**Action item:**
Where "Stühle" appears in a line of the entries below, that line should be copied.

**Material for this task:**
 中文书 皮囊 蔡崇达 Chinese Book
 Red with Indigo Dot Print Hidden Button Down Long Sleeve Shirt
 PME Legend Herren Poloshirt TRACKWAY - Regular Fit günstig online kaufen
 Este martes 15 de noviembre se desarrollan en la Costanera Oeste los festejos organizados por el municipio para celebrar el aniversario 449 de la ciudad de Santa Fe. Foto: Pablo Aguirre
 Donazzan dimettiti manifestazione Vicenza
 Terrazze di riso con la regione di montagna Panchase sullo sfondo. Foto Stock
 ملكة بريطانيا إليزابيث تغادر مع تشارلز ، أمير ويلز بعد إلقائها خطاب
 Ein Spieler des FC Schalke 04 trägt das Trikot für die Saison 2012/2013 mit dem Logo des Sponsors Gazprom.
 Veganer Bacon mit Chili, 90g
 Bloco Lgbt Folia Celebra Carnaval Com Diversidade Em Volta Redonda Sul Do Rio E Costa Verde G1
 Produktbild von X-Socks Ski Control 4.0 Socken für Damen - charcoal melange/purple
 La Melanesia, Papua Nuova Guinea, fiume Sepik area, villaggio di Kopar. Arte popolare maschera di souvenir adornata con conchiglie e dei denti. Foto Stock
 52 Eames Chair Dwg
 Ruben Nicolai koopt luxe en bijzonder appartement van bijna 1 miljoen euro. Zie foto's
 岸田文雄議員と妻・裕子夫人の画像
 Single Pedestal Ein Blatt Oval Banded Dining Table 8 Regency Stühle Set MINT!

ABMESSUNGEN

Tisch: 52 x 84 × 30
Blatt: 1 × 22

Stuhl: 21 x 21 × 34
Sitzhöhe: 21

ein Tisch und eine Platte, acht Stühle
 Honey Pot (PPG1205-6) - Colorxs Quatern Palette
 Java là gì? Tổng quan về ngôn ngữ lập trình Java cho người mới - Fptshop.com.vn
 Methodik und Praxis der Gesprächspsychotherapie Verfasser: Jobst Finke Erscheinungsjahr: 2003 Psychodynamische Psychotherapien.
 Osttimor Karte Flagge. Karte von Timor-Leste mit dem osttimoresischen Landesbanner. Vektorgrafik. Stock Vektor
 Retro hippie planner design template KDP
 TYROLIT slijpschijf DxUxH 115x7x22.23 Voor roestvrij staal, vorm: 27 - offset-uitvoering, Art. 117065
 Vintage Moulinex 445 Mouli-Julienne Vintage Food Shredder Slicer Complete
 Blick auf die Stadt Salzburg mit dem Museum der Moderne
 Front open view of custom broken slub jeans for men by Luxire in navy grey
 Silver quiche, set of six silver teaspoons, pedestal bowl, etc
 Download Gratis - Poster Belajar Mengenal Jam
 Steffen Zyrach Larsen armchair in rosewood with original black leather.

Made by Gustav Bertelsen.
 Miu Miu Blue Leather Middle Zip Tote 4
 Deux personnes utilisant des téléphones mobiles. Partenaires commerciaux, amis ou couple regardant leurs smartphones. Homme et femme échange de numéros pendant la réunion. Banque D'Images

**Response:**
 Single Pedestal Ein Blatt Oval Banded Dining Table 8 Regency Stühle Set MINT!
ein Tisch und eine Platte, acht Stühle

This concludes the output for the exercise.